By Ben Olson
Since its inception in 1995, the annual Long Bridge Swim has seen tens of thousands of swimmers cross the long stretch of water alongside the iconic Long Bridge. Some compete with all their might, others laugh and smile at their friends and family swimming by their side. It’s the perfect mix of health, competition and fun.
The 27th annual Long Bridge Swim will take place Saturday, Aug. 6. There will be a mandatory safety meeting at Sandpoint High School at 8 a.m., followed by shuttles taking all swimmers to the south end of the Long Bridge where the swim will commence. Those interested in registering should visit longbridgeswim.org before the Friday, Aug. 5 deadline, which is the last chance to submit registration. There will be no race-day registration.
The event was founded by Eric Ridgeway in 1995, who wanted to establish a positive community event in Sandpoint. The first year, just 68 people took part. Attendance in recent years has averaged around 700 participants.
“My fondest memories from being the founder of the event and the director for the first 19 years are two things,” Ridgeway told the Reader in 2021. “Working with the wonderful and cheerful volunteers who make it all possible, and the sense of accomplishment from the swimmers who are not the greatest swimmers — they have never been on a swim team and were so nervous that they may not be able to make it — but they persevered and they felt encouraged along the way by the awesome kayakers and all the fans walking along the bridge cheering for them.”
As Ridgeway pointed out, the Long Bridge Swim isn’t just for avid swimmers. In fact, people of all ages and body types turn out in droves for the event.
“We had a woman who did it a number of years with MS, and she wanted us to unceremoniously dump her off the dock from her wheelchair — at her insistence — so she could swim the event,” said Jim Zuberbuhler, who took over as director after Ridgeway’s 20 years of stewardship. “We’ve had a couple of parapalegics, deaf and blind swimmers, a couple of morbidly obese people, which is really great.”
Zuberbuhler is also very thankful for the small army of volunteers it takes to run this event every year.
“We have a very committed group of people who run their areas,” he told the Reader. “They are so committed, so passionate about this. … We have no ego conflicts, no personality clashes.
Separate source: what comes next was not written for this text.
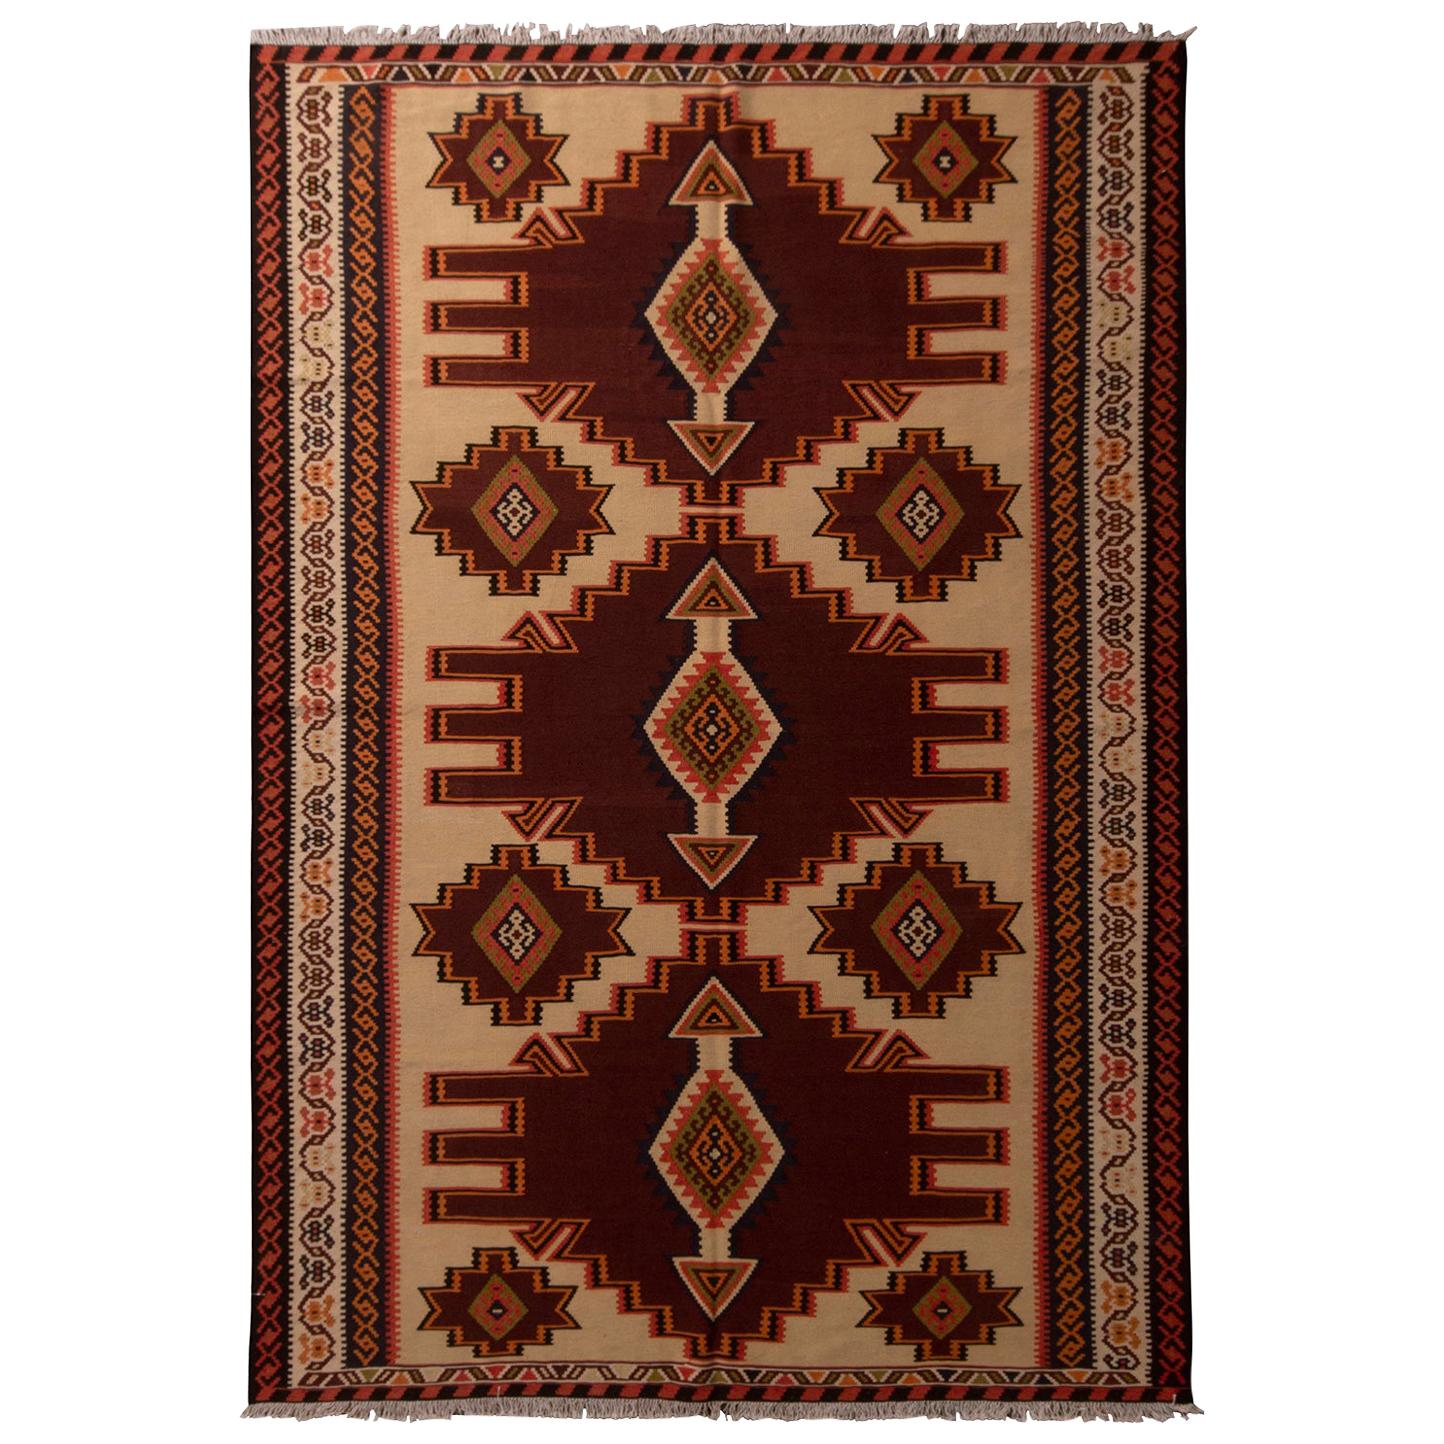 Vintage Geometric Beige Brown & Red Wool Persian Azerbaijan Kilim by Rug & Kilim
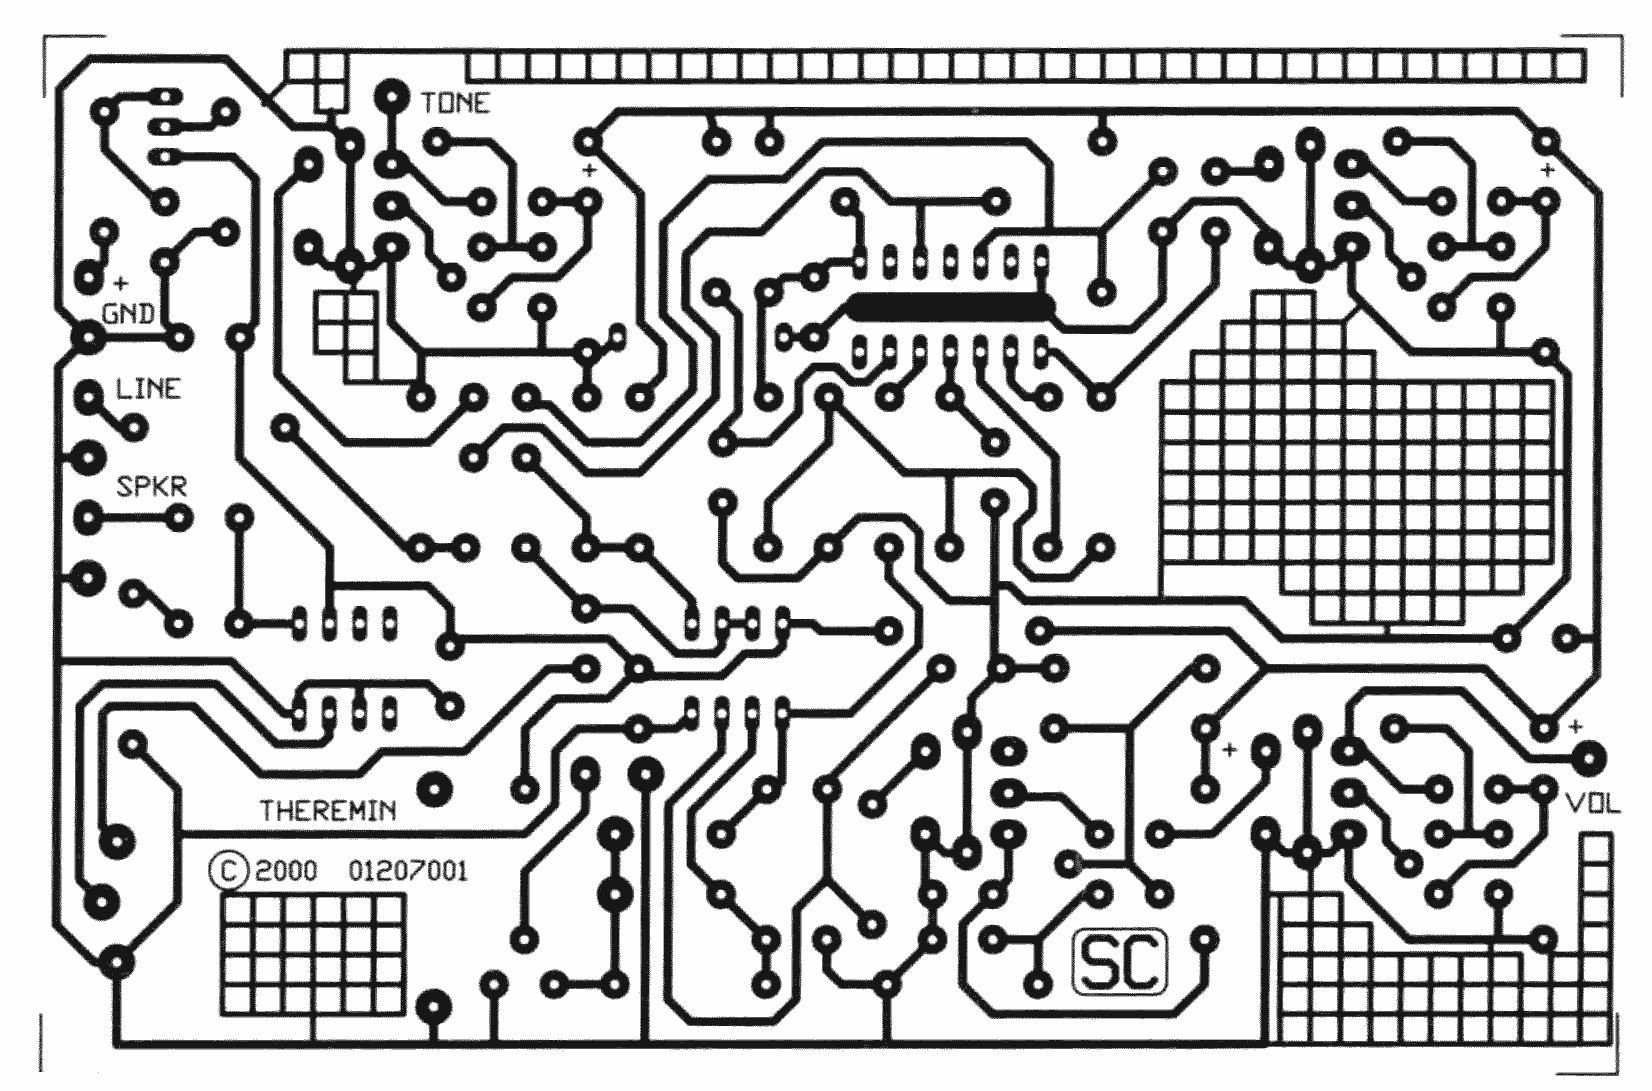 lace-circuit-boards-tattoodonkey.jpeg

Everybody’s committed to the entire enterprise.”
The last chance to register for the swim is during early packet pickup from 5:30-7 p.m. at Sandpoint High School, 410 Division St. Those who want to pick up their packets on race day may do so Saturday, Aug. 6 from 6:30-7:30 a.m. At Sandpoint High School. Lines can get considerably long after 7:15 a.m., so plan accordingly. The mandatory safety meeting starts at 8 a.m. while the swim starts at 9 a.m. Fast swimmers who want to start in the water should load onto the front buses.
While the Long Bridge Swim is a lot of fun, it’s also an important fundraiser to help teach young people swim lessons in Sandpoint.
“Our entry fees offset event expenses, but we use the balance to provide swim lessons for local children,” according to the organization’s website. “The mission of our initiative is to see that no child in Bonner County gets past third grade without learning to swim. We hope for additional donations to support this life-saving and life-changing program.”